WZXZ-CD, virtual channel 36 (UHF digital channel 20), is a low-powered, Class A television station licensed to Orlando, Florida, United States. The station is owned by the L4 Media Group.

History
The station originally signed on as an affiliate of The Box. Following The Box's acquisition by Viacom in 2001, it began carrying programming from MTV2. In 2005, Viacom sold WZXZ to L4 Media Group.

From 2004 to late summer of 2006, WZXZ carried the Spanish music video channel Mas Musica, now known as MTV Tr3́s. However, when Mas Musica became MTV Tr3́s, WZXZ resumed simulcast of MTV2 for a short period of time, rather than picking up MTV Tr3́s, for unknown reasons.

For some part of later 2006, it had shown a repeated loop of a religious infomercial. This was the last actual programming shown on the channel. For most of 2007, the station was broadcasting nothing but the screensaver from a DVD player, accompanied by an outdated severe weather warning crawl across the screen.

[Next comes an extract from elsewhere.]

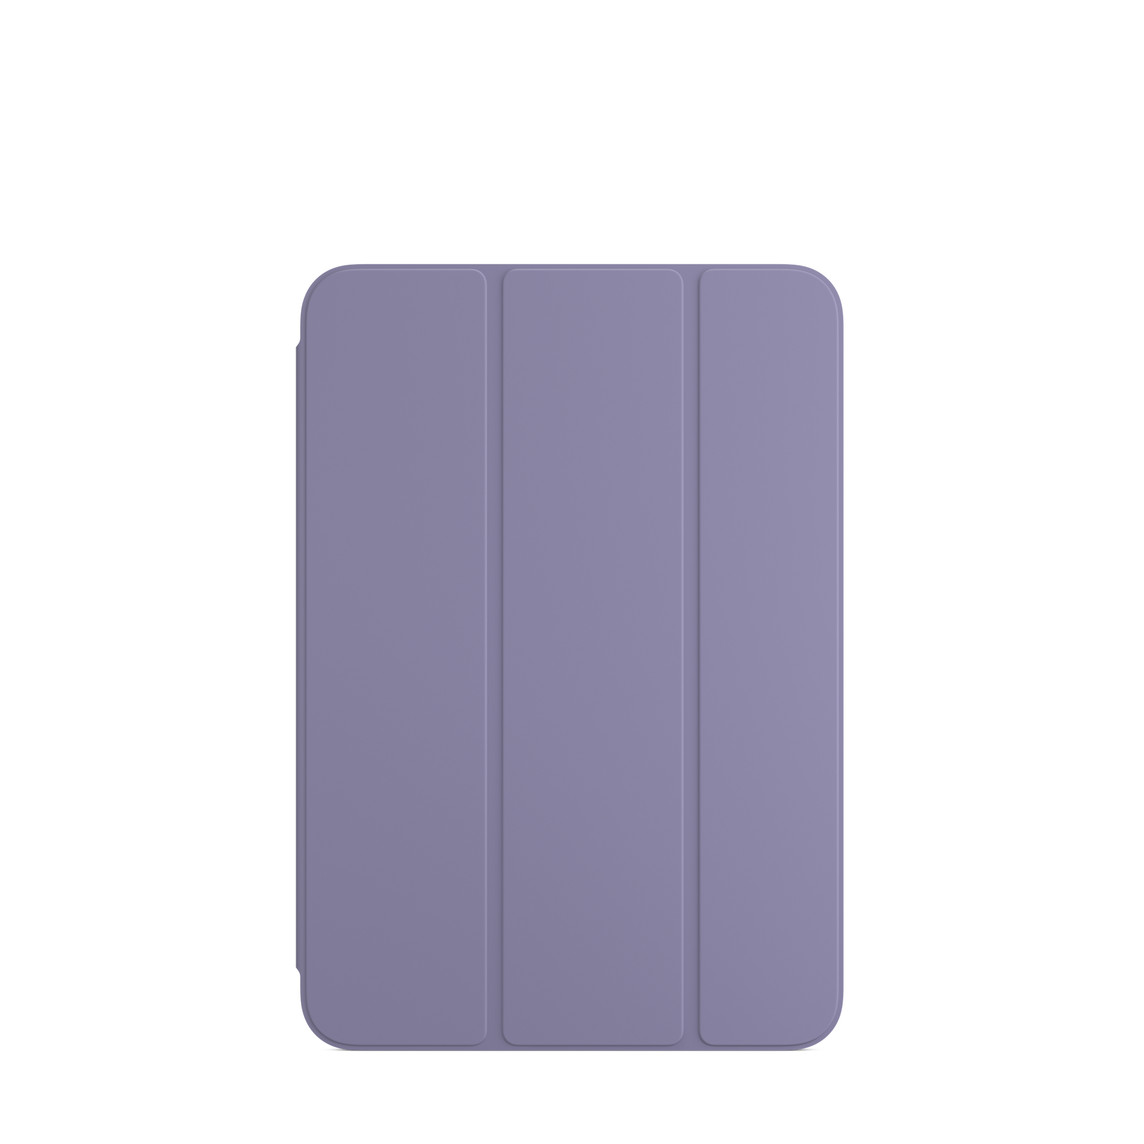 Smart Folio para iPad mini (6.ª geração) lavanda inglesa.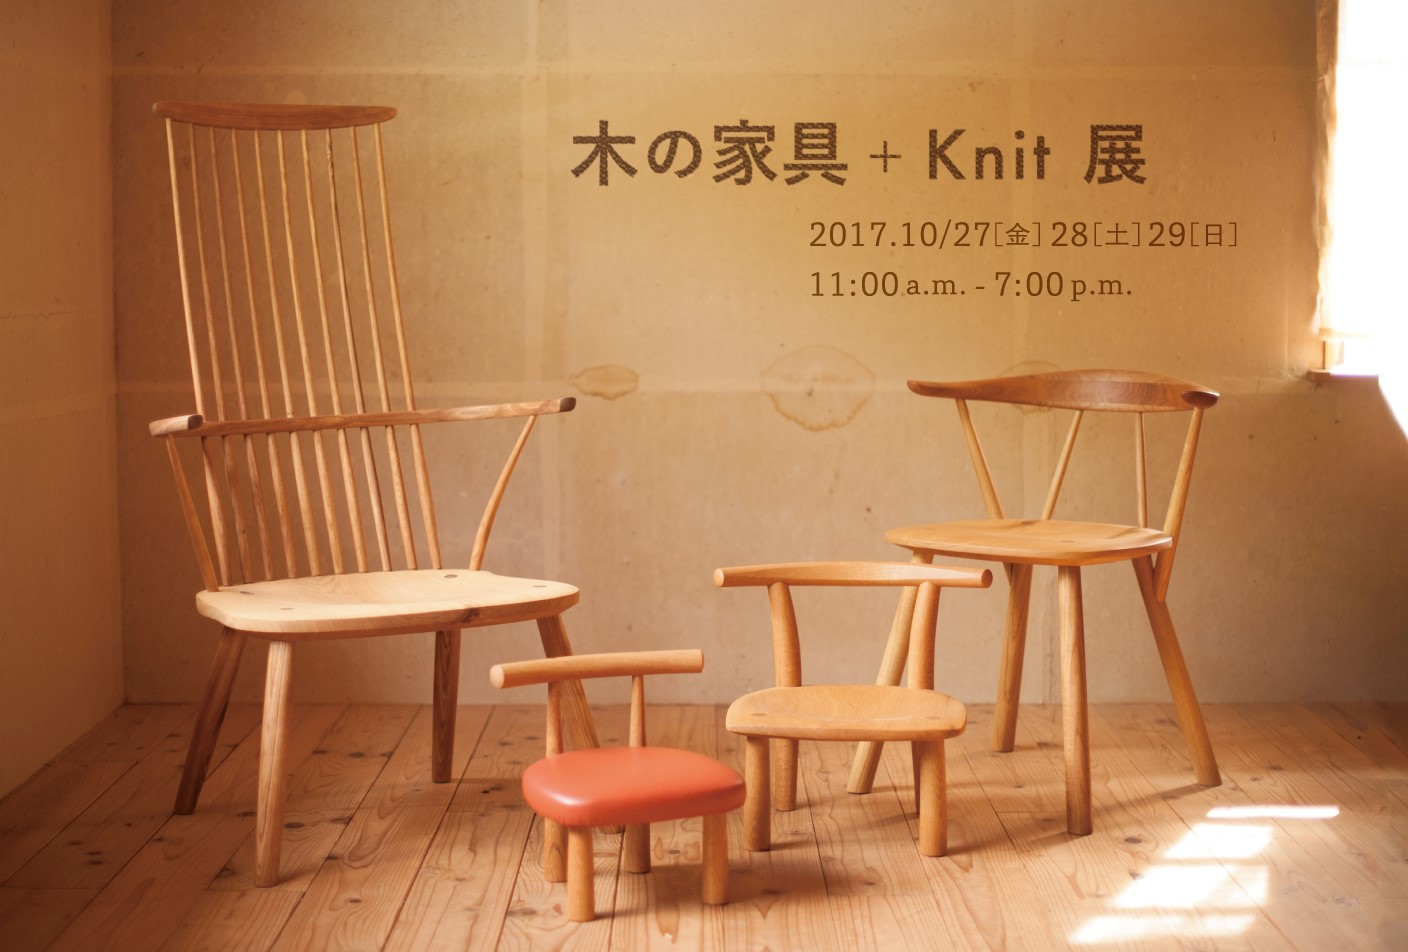 木の家具 Knit展 Gallery Iro 吉祥寺のギャラリー

Most recently, sometime around the start of January 2008, the station was transmitting a color bar test pattern with call letters displayed via CHARGEN overlay. This is presumably due to no station ID being displayed per FCC requirements for some time (aside from when the EAS-triggered warnings would occasionally be scrolled).

As of September 2008, the station started airing Caribevision, a Spanish television network based out of Miami and New York City. On August 13, 2012, WZXZ-CA began broadcasting América Tevé programming after America CV folded. The station switched to Soul of the South Network in 2014.

On August 12, 2014, L4 Media Group reached a deal to sell WZXZ-CA to OTA Broadcasting, a company controlled by Michael Dell's MSD Capital; the deal was not filed with the Federal Communications Commission (FCC) until November.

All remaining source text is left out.